Code
import math
import numpy as np
import plotly.express as px
import torch
x = np.linspace(-5, 5, 1000)
y = torch.erf(torch.tensor(x)).numpy()
# add y as erf(x) label
fig = px.line(x=x, y=y, labels={"x": "x", "y": "erf(x)"})
fig.show()Overview
I happen to stumble upon a feature request to implement the metal backend for the \(\operatorname{erf}^{-1}(x)\) in Pytorch. I thought it would be a good exercise to implement it myself to get a better understanding of defining custom torch ops for the MPS backend. (There’s also list of unimplemented torch ops for MPS)
Math
To work on the inverse error function, we first need an understanding of the error function. The error function is defined as:
\[ \operatorname{erf}(x)=\frac{2}{\sqrt{\pi}} \int_{0}^{x} e^{-t^{2}} d t \tag{1}\]
The error function maps a real number in the domain \((-\infty, \infty)\) to a real number from \((-1, 1)\).
The inverse error function is defined as: \[ \operatorname{erf}^{-1}(\operatorname{erf}(x))=x \tag{2}\]
This means the \(\operatorname{erf}^{-1}(x)\) will have a domain of \((-1, 1)\) and a range of \((-\infty, \infty)\).
There is no closed-form solution for the \(\operatorname{erf}^{-1}(x)\) however it can be approximated using elementary function as proposed by Abramowitz and Stegun[1]. The approximation is given by:
\[ \operatorname{erf}^{-1}(x) \approx \operatorname{sgn}(x) \sqrt{\sqrt{\left(\frac{2}{\pi a}+\frac{\ln(1-x^{2})}{2}\right)^{2}- \frac{\ln (1-x^{2})}{a} }- (\frac{2}{\pi a}+\frac{\ln (1-x^{2})}{2})} \tag{3}\]
where \(a=0.147\) or \(a=0.140012\) where the latter is more accurate around \(x=0\) for the error function but the former has a smaller maximum error for the error function. There was no analysis given for the maximum error rate of the \(\operatorname{erf}^{-1}(x)\) so I will have to experiment with it myself.
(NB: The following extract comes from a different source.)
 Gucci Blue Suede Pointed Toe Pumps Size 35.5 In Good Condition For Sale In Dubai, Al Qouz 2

Here is a plot of the \(\operatorname{erf}^{-1}(x)\) using the approximation method.
Code
def erfinv(x, a=0.147):
"""
Compute the inverse error function using an approximation method
"""
# the Abravov fast approximation method
# compute the first term
term = np.sqrt(
np.sqrt(
(2 / (np.pi * a) + np.log(1 - x**2) / 2) ** 2 - np.log(1 - x**2) / a
)
- (2 / (np.pi * a) + np.log(1 - x**2) / 2)
)
# compute the sign
sign = 1 if x > 0 else -1
y = sign * term
return y
x = np.linspace(-1, 1, 1000)
# Vectorize the erfinv function
erfinv_vec = np.vectorize(erfinv)
y_rapid = erfinv_vec(x)Code
# Add y as erfinv(x) label
fig = px.line(x=x, y=y_rapid, labels={"x": "x", "y": "erfinv(x)"})
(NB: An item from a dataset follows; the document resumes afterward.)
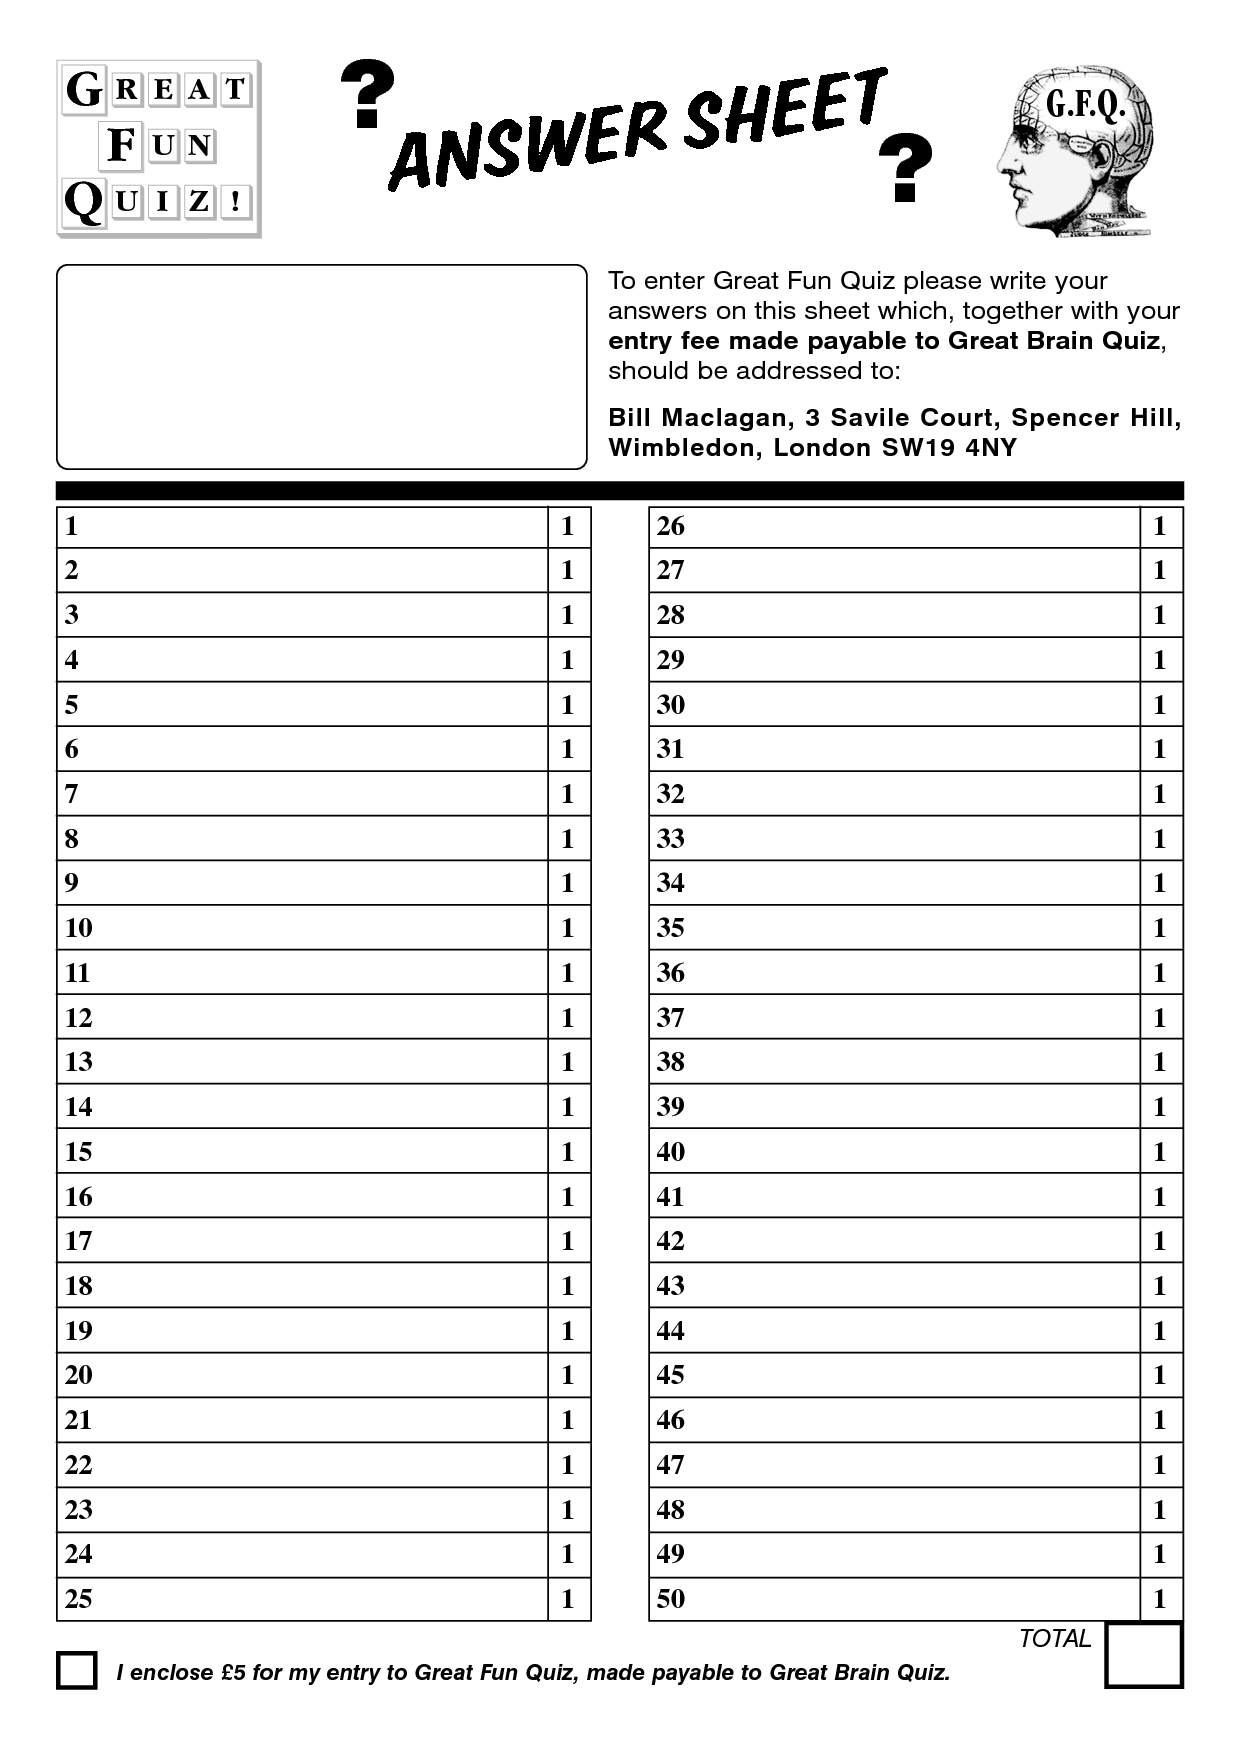 Blank Answer Sheet Template 1-50 from cdn.quotesgram.com

fig.show()Let’s compute the MSE (ignoring inf values) between the approximation versus the torch.erfinv implementation using:
\(a = 0.147\)
Code
x = np.linspace(-1, 1, 1000)
y_rapid = erfinv_vec(x)
y_torch = torch.erfinv(torch.tensor(x)).numpy()
# compute mask where y_rapid isn't infinite
mask = np.isfinite(y_rapid)
x_mask = x[mask]
y_rapid = y_rapid[mask]
y_torch = y_torch[mask]
mse = np.mean((y_rapid - y_torch) ** 2)
print(f"MSE: {mse}")Code
print(f"MSE: {mse}")
max_error_idx = np.argmax(np.abs(y_rapid - y_torch))
print(
f"Max Error: {np.max(np.abs(y_rapid - y_torch))} at x: {x_mask[max_error_idx]}, index: {max_error_idx}"
)
print(f"y_rapid: {y_rapid[max_error_idx]}, y_torch: {y_torch[max_error_idx]}")MSE: 1.7424258166728075e-07
Max Error: 0.003953770269555346 at x: -0.997997997997998, index: 0
y_rapid: -2.180960329841855, y_torch: -2.1849141001114103Now repeat the experiment but using:
\(a=0.140012\)
Code
y_rapid2 = erfinv_vec(x, a=0.140012)
y_torch = torch.erfinv(torch.tensor(x)).numpy()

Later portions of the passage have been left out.